Choon Soo Lee, Young Mi Han, Young Sun Seo, Jin Ho Kim, Jong Rae Kim
1Department of Anesthesiology, Yonsei University College of Medicine, Seoul, Korea.
2Department of Anesthesiology, Aju University College of Medicine, Suwon, Korea.
The level of sensory blockade in spinal anesthesia is determined by the distribution of local anesthetics within cerebrospinal fluid (CSF) which is affected by the density of local anesthetics. Temperature is one of the factors which can influence the density of local anesthetics. The level of sensory blockade in spinal anesthesia may be altered by the density change of local anesthetics and by the time needed for thermal equilibration in CSF, depending on the storage temperature of local anesthetics. A study was conducted at Inchon Severance hospital on 20 elective surgery patients under spinal anesthesia, to compare the clinical differences between two groups stored at different temperatures. Group I was used 0.5% plain bupivacaine 3 ml (15 mg) stored in a refrigerator for longer than 24 hours and group II was used that stored in operating room temperature.

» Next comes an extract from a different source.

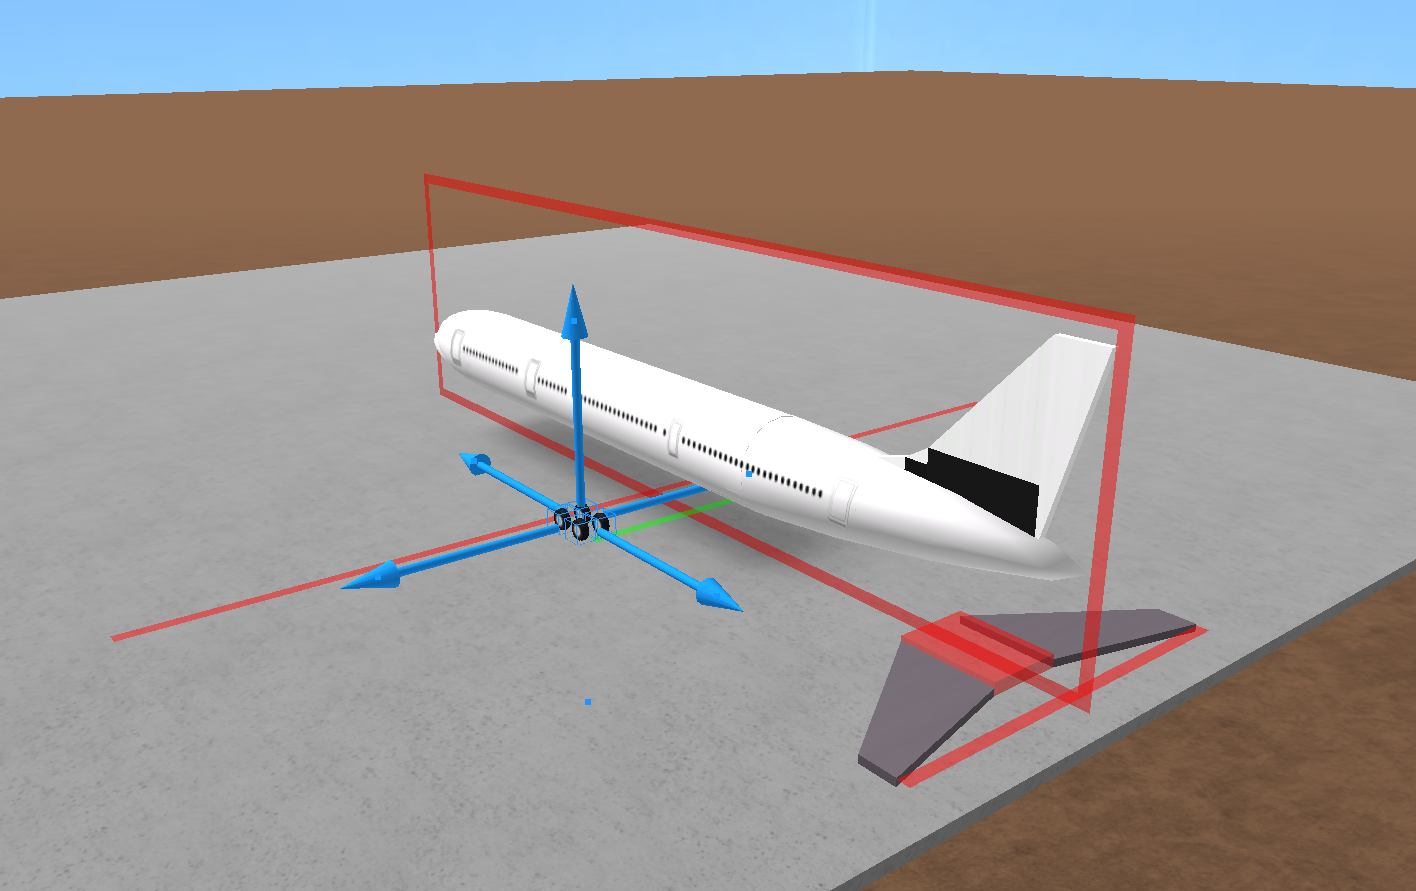 How To Make A Plane In Roblox Studio

The results were as follows : The level of sensory blockade in group II was significantly higher than that of group I, 3 minutes after spinal anesthesia by segmental level of sensory loss to pinprick test. The degree of motor blockade was significantly greater by Bromage scale in group II than in group I at 2 minutes after spinal anesthesia, but no significant difference was observed after 5 minutes. When 15 minutes elapsed, the complete motor blockade of lower extremities was observed in both groups. The onset of sensory block was significantly faster in group II(3.1+/-0.2 min) than in group I (5.2+/-0.5 min). The onset of maximum sensory block was also significantly faster in group II(9.5+/-0.5 min) than in group I (14.0+/-1.5 min). The maximum sensory block level was significantly higher in group II(T6.7+/-0.3 dermatome) than in group I (8.2+/-0.3 dermatome). However, the regression time was not significantly different between group I (122.0+/-3.8 min) and group II (117.2+/-6.0 min). The above results showed that when 0.5% plain bupivacaine stored in room temperature was used in spinal anesthesia, gave higher level of sensory blockade and faster onset than that kept in a refrigerator, which may due to the time difference needed for thermal equilibration in CSF.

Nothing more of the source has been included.